Zu § 7 Betriebs- und Geschäftsgeheimnisse

  • In § 7 wirkt die Definition nach Abs. 1 entgegen der Begründung sehr weit. Hier empfehlen wir, die Definition des Bundesverfassungsgerichts zu übernehmen.

zu § 11 Ausgestaltung der Veröffentlichungspflicht

  • Bei § 11 (1) sollte im Hinblick auf das Informationsregister erwogen werden, konkrete Anforderungen an die Struktur des Registers und die Suchmöglichkeiten zu normieren.

  • § 11 (2) zur Veröffentlichungspflicht kann so nicht bleiben. Dieser Paragraph liefert dem Senat einen Grund, das gesamte Gesetz dem Verfassungsgericht vorzulegen und somit den Zeitplan zu gefährden. Dieses Ziel muss auf Bundesebene verfolgt werden.

  • Im § 11 Absatz 3 Satz 1 ist „nichtkommerziell“ oder ähnliches zu ergänzen. Die Nutzung, Weiterverwendung und Verbreitung der Informationen zu kommerziellen Zwecken sollte nicht frei gestellt sein.

  • Im § 11 Absatz 3 Satz 2 ist die Vergangenheitsform zu wählen: „Das gilt auch für Gutachten, Studien und andere Dokumente, die in die Entscheidung der Behörden eingeflossen sind oder ihrer Vorbereitung dienten.“ Damit wird verdeutlicht, dass der verfassungsrechtlich geschützte Willensbildungsprozess respektiert bleibt.

  • § 11 bzw. die Gesamtkonstruktion der Veröffentlichungspflicht wird eine Re-Finanzierung des finanziellen Aufwandes der Verwaltung in keiner  Weise mit geregelt. Mit bedacht werden muss an dieser Stelle außerdem die EU-RL über die Weiterverwendung von Informationen des öffentlichen Sektors, die derzeit neu verhandelt wird. Es fehlen Regelungen zur Barrierefreiheit des Zugangs und zum Zugang für Internet-Nichtnutzer.

Zu § 12 Antrag

  • In § 12 (1) fehlt eine Regelung zur sicheren Antragstellung, sonst läuft es voll lesbar per offener E-Mail. Hier könnte ggf. ein Verweis auf EGovG-E und/oder De-Mail weiterhelfen.

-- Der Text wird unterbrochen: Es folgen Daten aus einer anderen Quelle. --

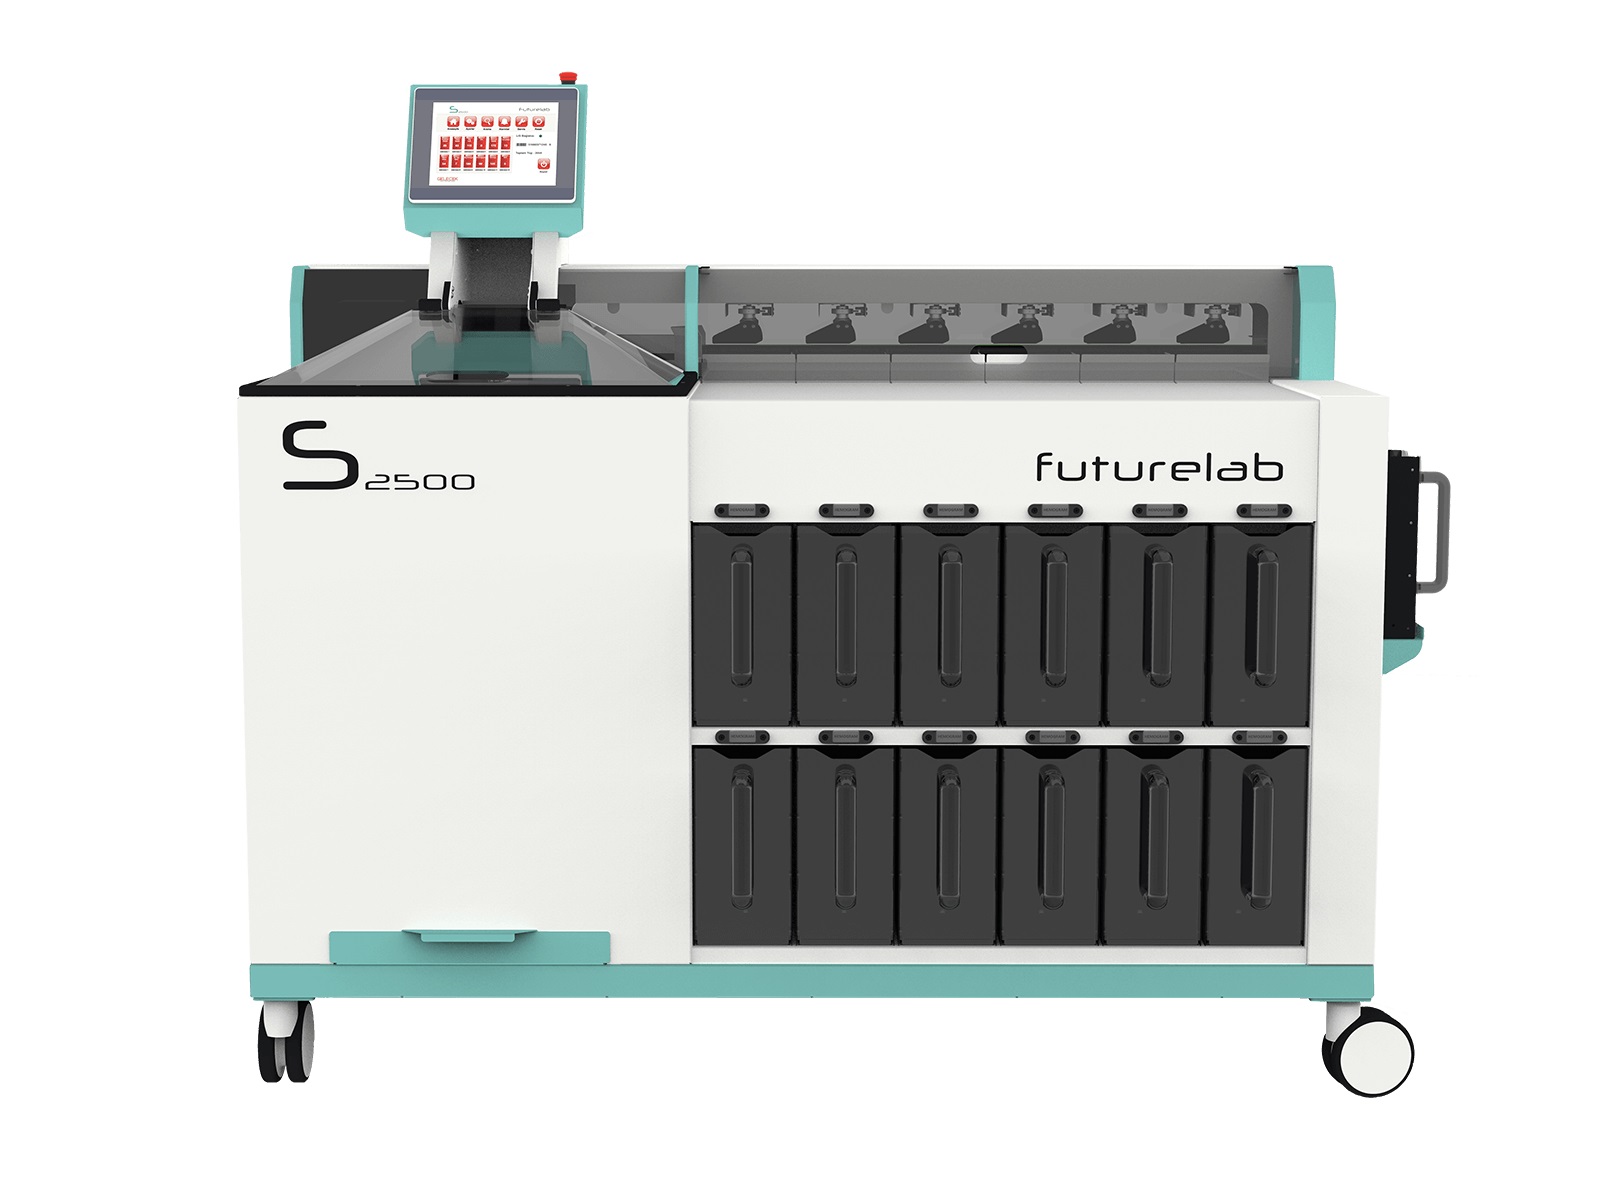 The Futurelab S2500

  • In § 12 (2) ist „Stelle“ ein undefinierter Begriff.

Zu § 19 Übergangsregelungen, Inkrafttreten

  • Angesichts unserer bisherigen Erfahrungen mit städtischen IT-Projekten halten wir die in § 19 Abs. 2 genannten Frist von 12 Monaten, innerhalb derer das Informationsregister stehen soll, für unrealistisch. Es sei denn, es geht hier nicht um ein Informationsregister, das über Schnittstellen automatisiert erstellt werden soll.